_Your objective_
The listing below has to be output exactly as given, less its pictures.

_Supplied information_

Start of Block

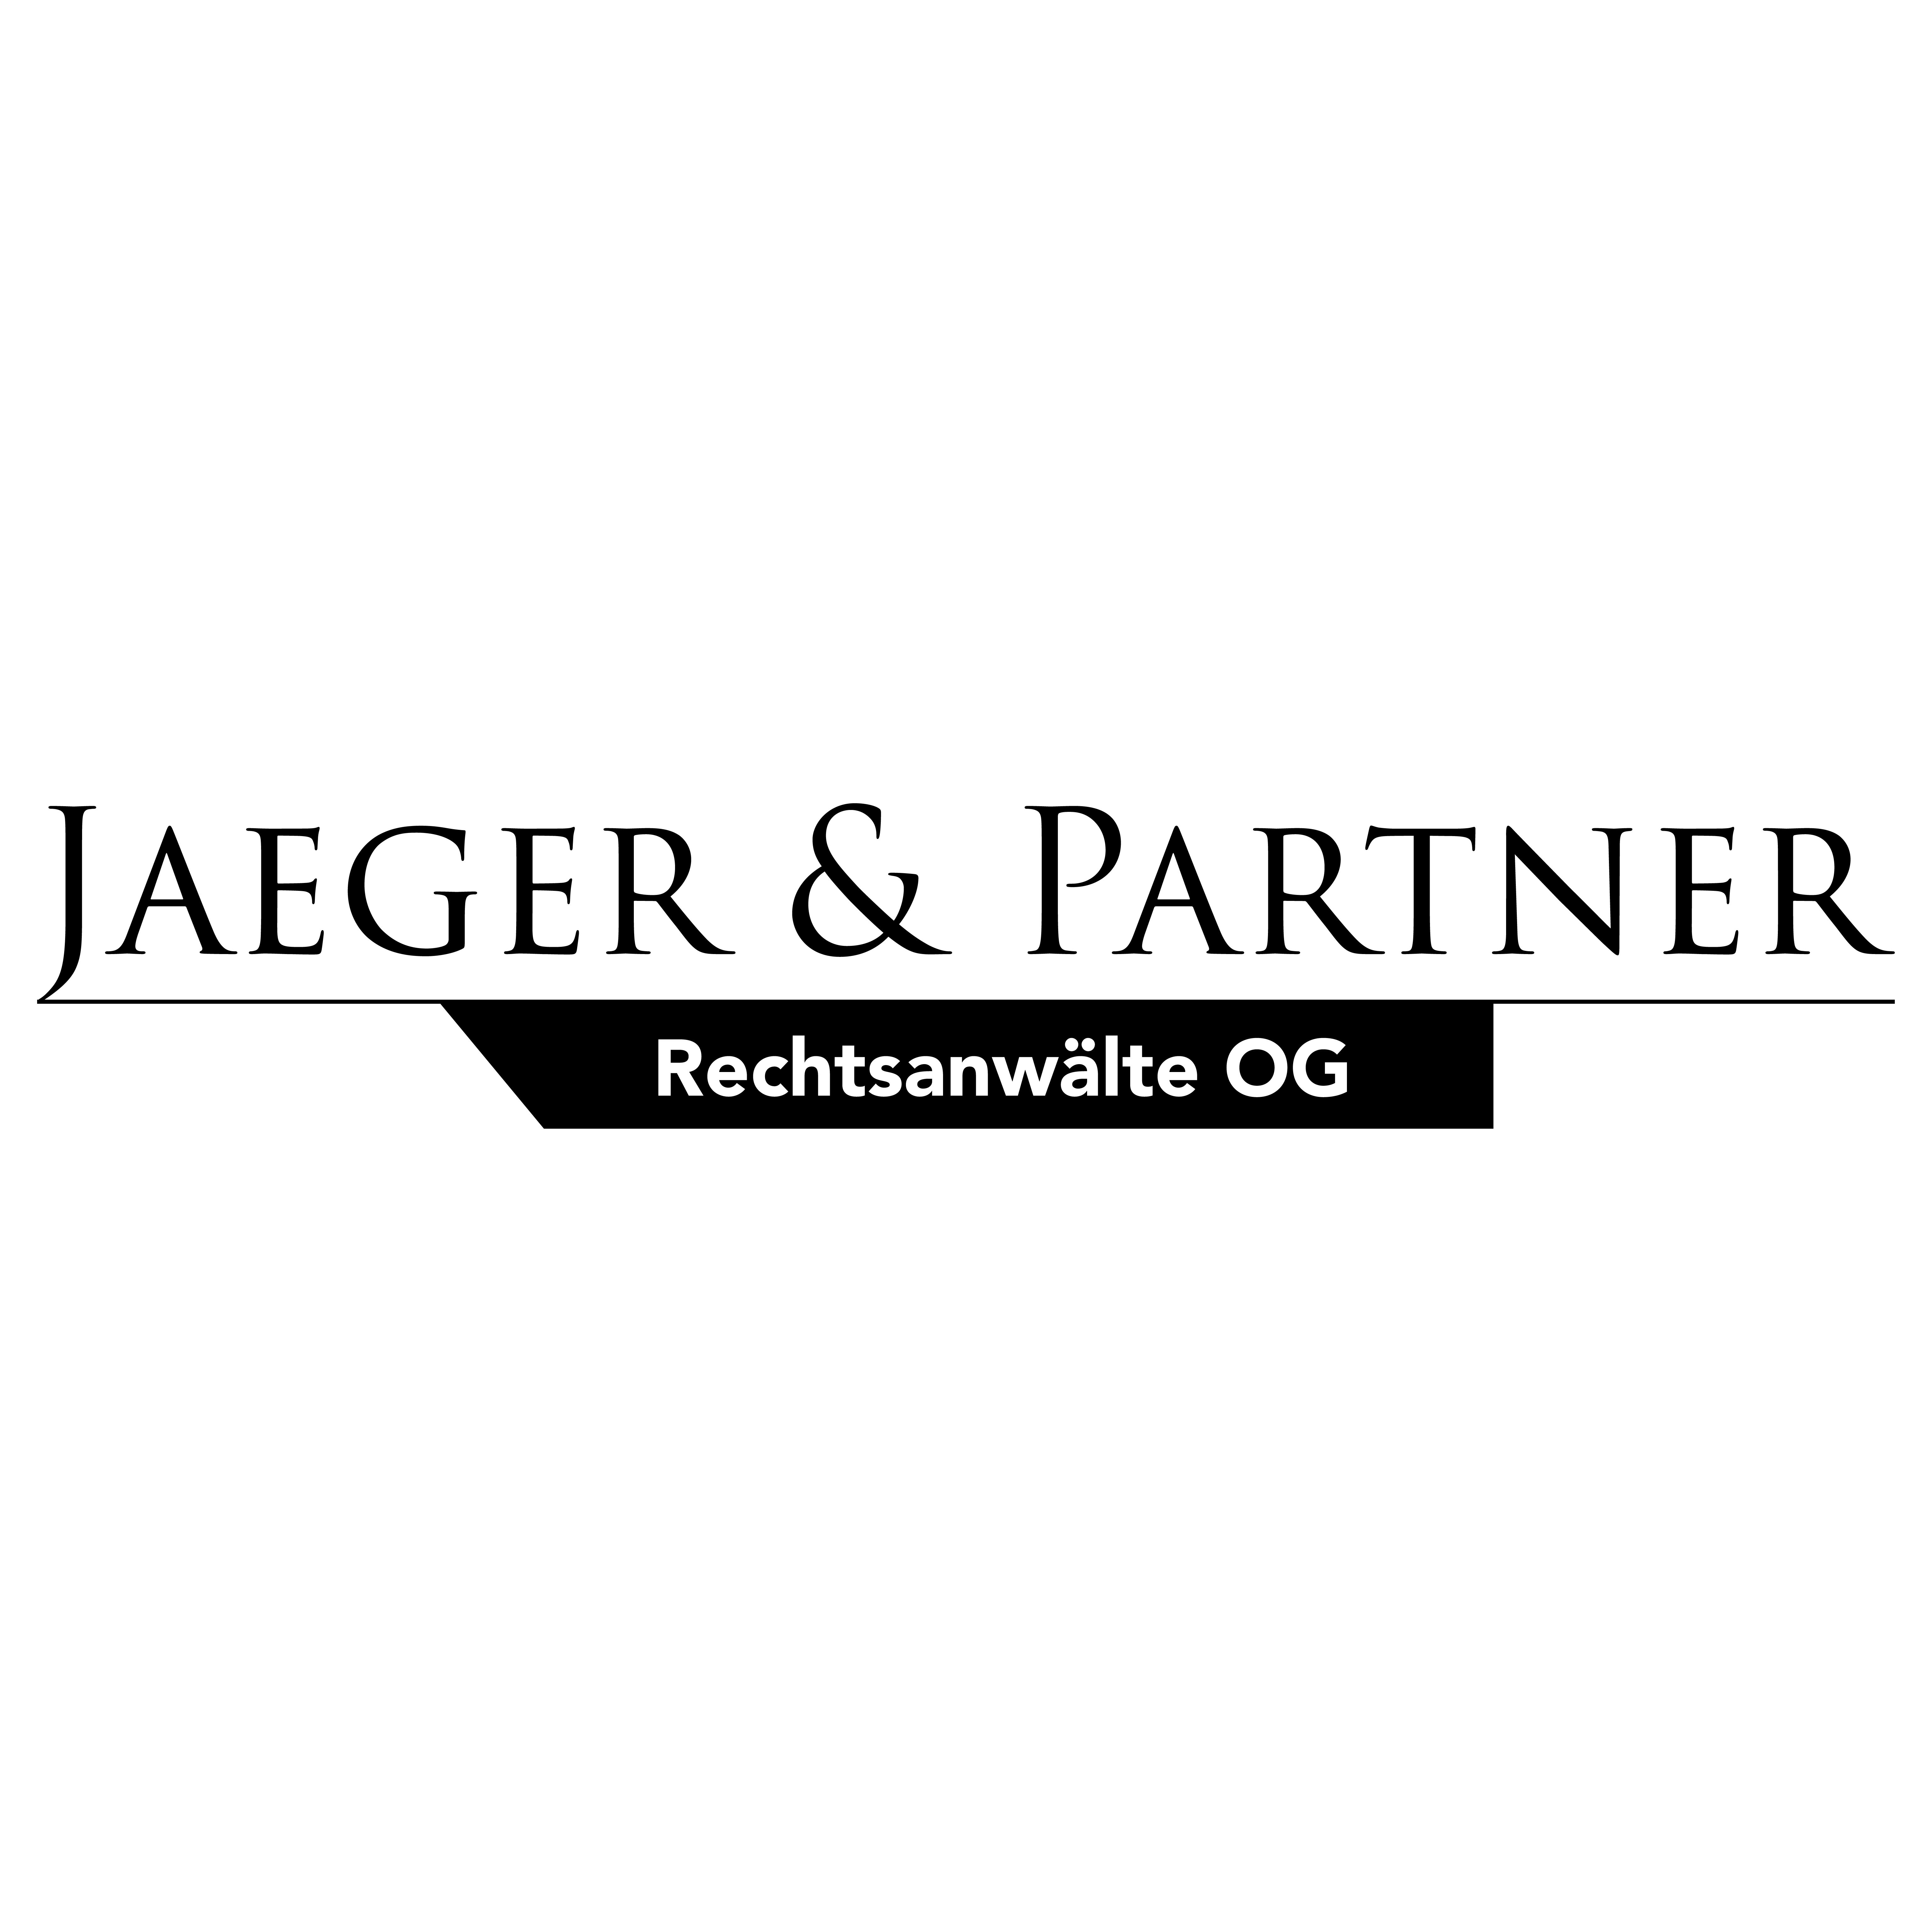 JAEGER & Partner Rechtsanwälte OG in Linz
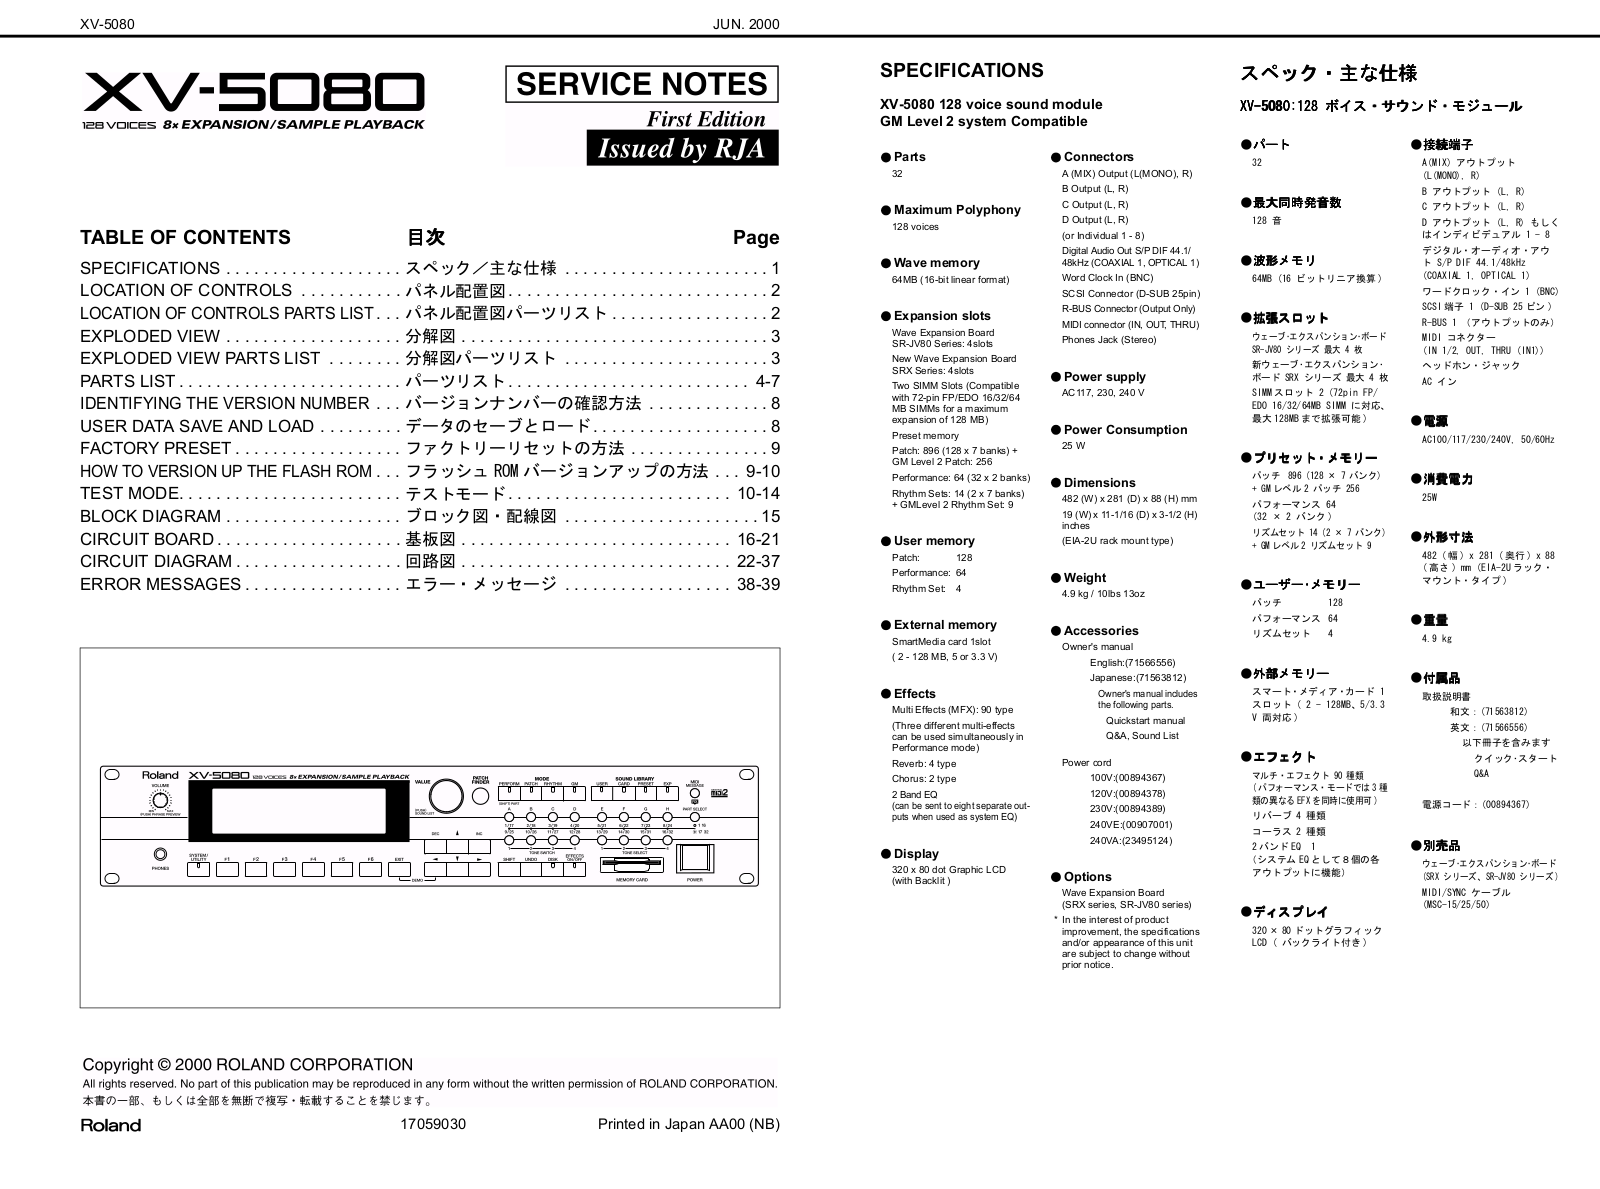 Roland XV-5080 Service Notes
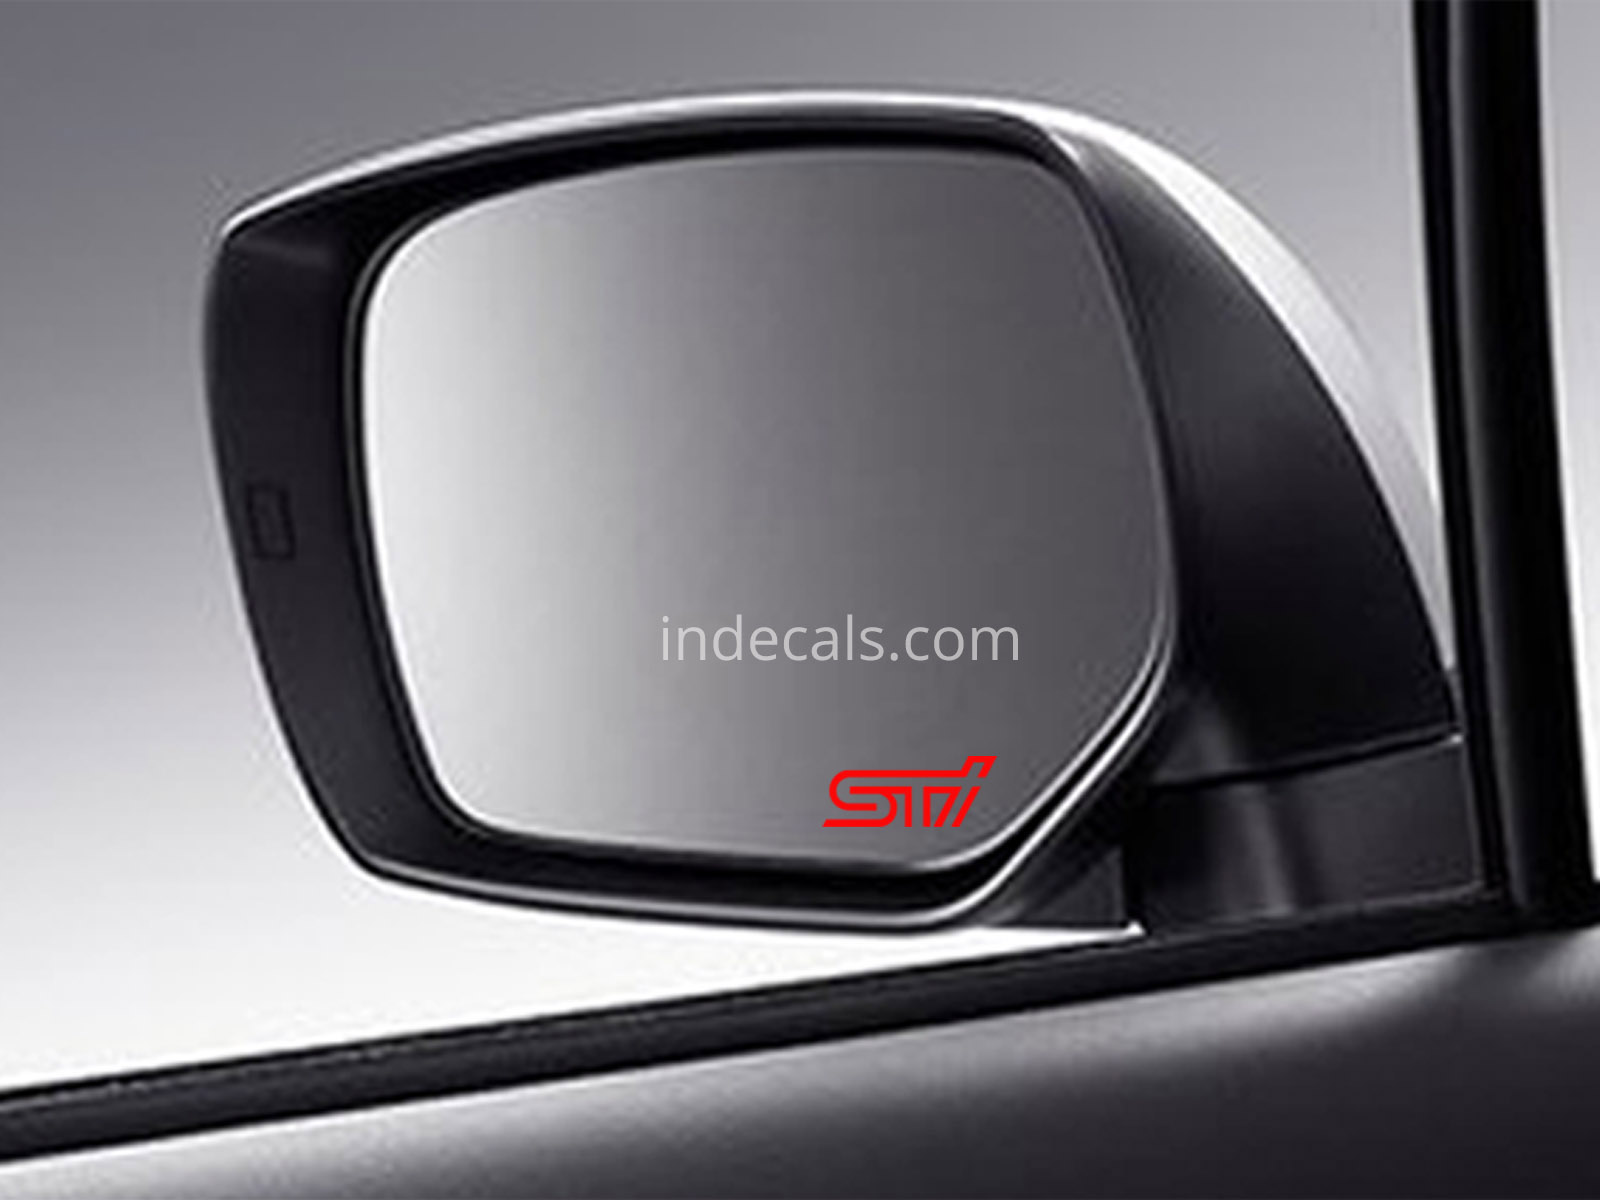 2 x Subaru STI stickers for Mirror - Red

End of Block

_Solved exercise_
 JAEGER & Partner Rechtsanwälte OG in Linz
 Roland XV-5080 Service Notes
 2 x Subaru STI stickers for Mirror - Red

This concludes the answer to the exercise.